You can add the plugin multiple times. This easily allows you to target multiple output languages.
Use ECMASCRIPT_2015
for modern browsers and ECMASCRIPT5
for older browsers.
Use the output
option to change the filenames of specific plugin instances.
Use <script type="module" src="es6_out_path.js">
to target modern browsers and
<script nomodule src="es5_out_path.js">
for older browsers.
See the es5 and es6 output demo for an example.
- Don't use babel at the same time - closure-compiler is also a transpiler. If you need features not yet supported by closure-compiler, have babel only target those features. Closure Compiler can transpile async/await - you don't need babel for that functionality either.
In order for webpack to recognize goog.require
, goog.provide
, goog.module
and related primitives,
a separate plugin is shipped.
const ClosurePlugin = require('closure-webpack-plugin');
module.exports = {
plugins: [
new ClosurePlugin.ClosureLibrary({
closureLibraryBase: require.resolve(
'google-closure-library/closure/goog/base'
),
deps: [
require.resolve('google-closure-library/closure/goog/deps'),
'./public/deps.js',
],
})
]
};
The plugin adds extra functionality to support using Closure Library without Closure Compiler.
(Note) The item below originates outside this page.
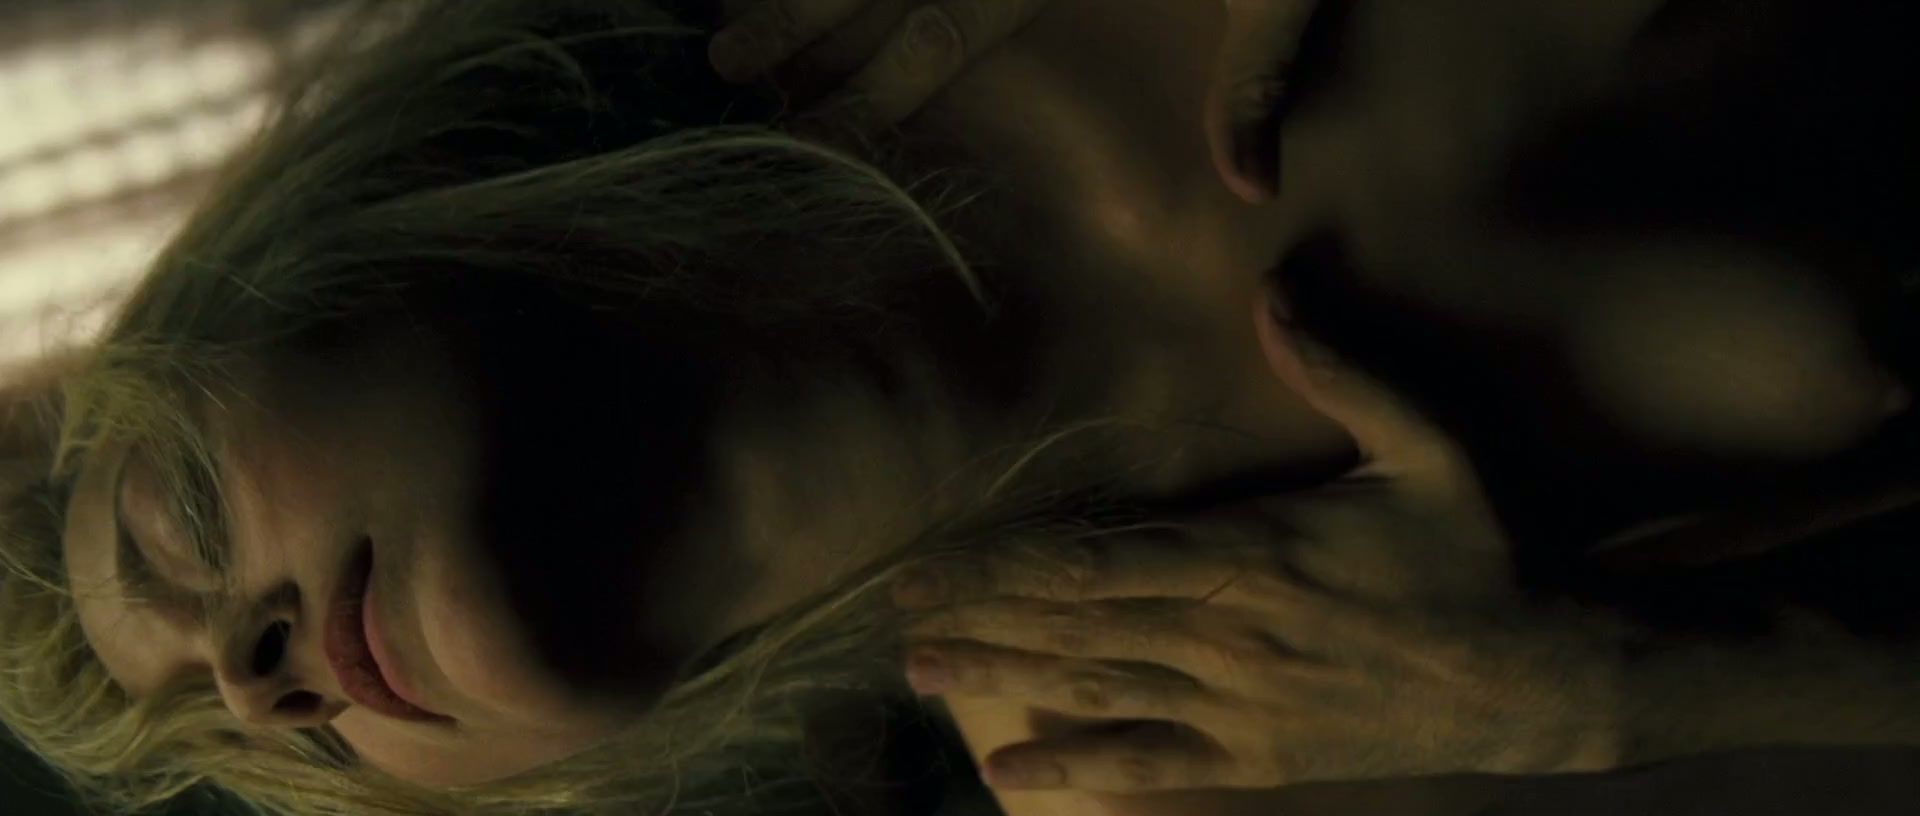 Long Hair Naked Marion Cotillard - La boite noire (2005) javx - 1

This is typically used during development mode. When the webpack mode is production
,
only dependency information is provided to webpack as Closure Compiler will natively recognize
the Closure Library primitives.
The Closure Library Plugin is only compatible with the AGGRESSIVE_BUNDLE
mode of the Closure-Compiler
webpack plugin.
- closureLibraryBase - (optional) string. Path to the base.js file in Closure-Library.
- deps - (optional) string or Array. Closures style dependency mappings. Typically generated by the depswriter.py script included with Closure-Library.
- extraDeps - (optional) Object. Mapping of namespace to file path for closure-library provided namespaces.